I doubt it is the halfshafts unless its been abused pretty bad. Could be an unbalanced tire, tire with abnormal wear before lowering, or even alignment still out. How old is the car before it was lowered? Also, when lowering, any irregularities with suspension, steering, and tires can be accentuated.


----------



## Sheldon (Jul 25, 2011)

Car had done 1500kms when it was lowered, currently at about 1700km mark. Not abused, wheel alignment was pretty much spot on after lowering but I had it done anyway for my peice of mind. Tyres are fine, no irregular wear and or balance issues. If it was tyres I would notice it at higher speeds aswell.
Everything is tight and there is no clearance issues with suspension and or guard clearances.
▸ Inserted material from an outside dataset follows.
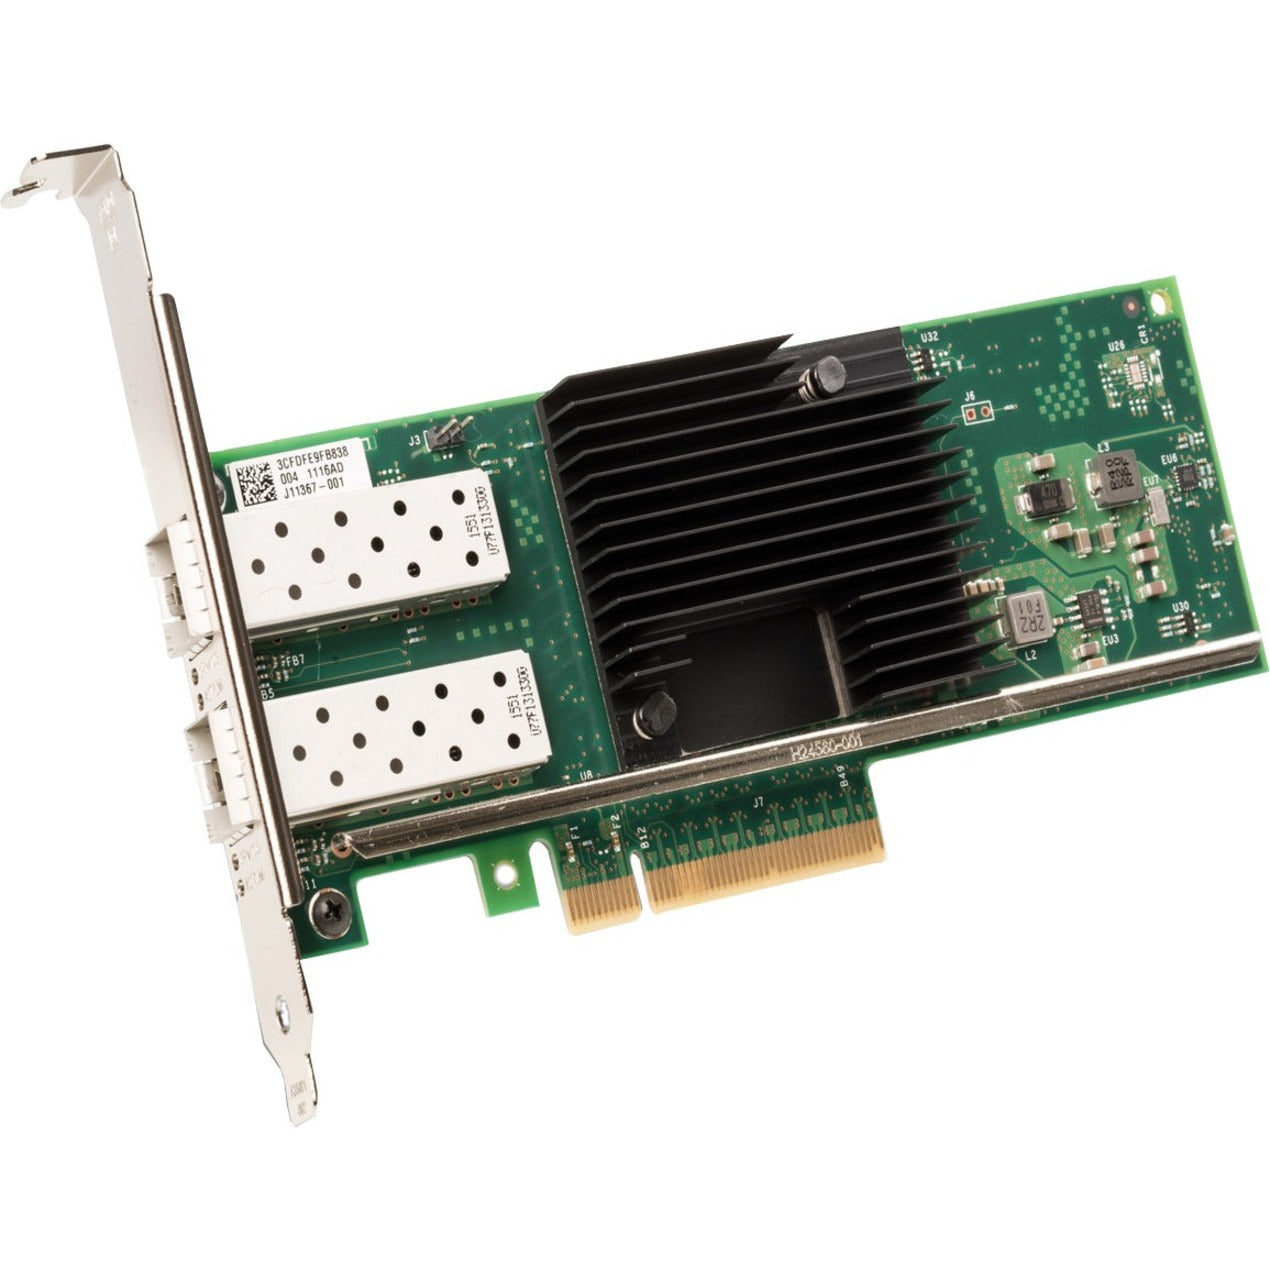 لينوفو 4XC7A79699 ThinkSystem إنتل X710-T4L 10 جيجا بايت-T 4-منفذ PCIe بطاقة الإيثرنت، بطاقة إيثرنت بسرعة 10 جيجابت  ماركة: لينوفو

I am going to take the car to a driveshaft shop and have them check the balance and test the balance at the angle of when the car would be once lowered, see if they can find something.


----------



## 72buickgs (Mar 20, 2011)

since the problem appears only when turning, i would suggest a half shaft angle problem at the wheel side knuckles/ujoint, when the wheels are turned.


----------



## kevin1214 (Feb 26, 2011)

Usually there are 2 problems that i could think of. My car is also lowered pretty low i can only put 2 fingers in the front and only 1 in the rear. Now, my car makes kind of a thudding sounds when i slowly turn the wheel at a standstill. For your vibrations to happen, i think its because they didn't install the springs properly, or they didn't align the spring to the structs. Are your wheels stock? or they aftermarket?


----------



## Sheldon (Jul 25, 2011)

Stock factory 17" alloys

Springs are seated properly.
The car vibrates going straight aswell


----------



## Mofolicious (Jun 19, 2011)

Had the same issue in my S40. It was slammed and the driveshafts did not like it at ALL. I also had a bitch of a time getting it to be adjusted perfectly as far as camber was concerned. Never was able to find that happy medium.

Other common causes of this issue can be mud "in the tires" throwing off your wheel balance, and cupping of the tires (which is usually caused by the camber being off. You say the toe was checked so I'm guessing that won't be an issue.) 

I'm going to keep an eye on this thread. Please keep it updated if you encounter any more possible solutions. Good luck.


----------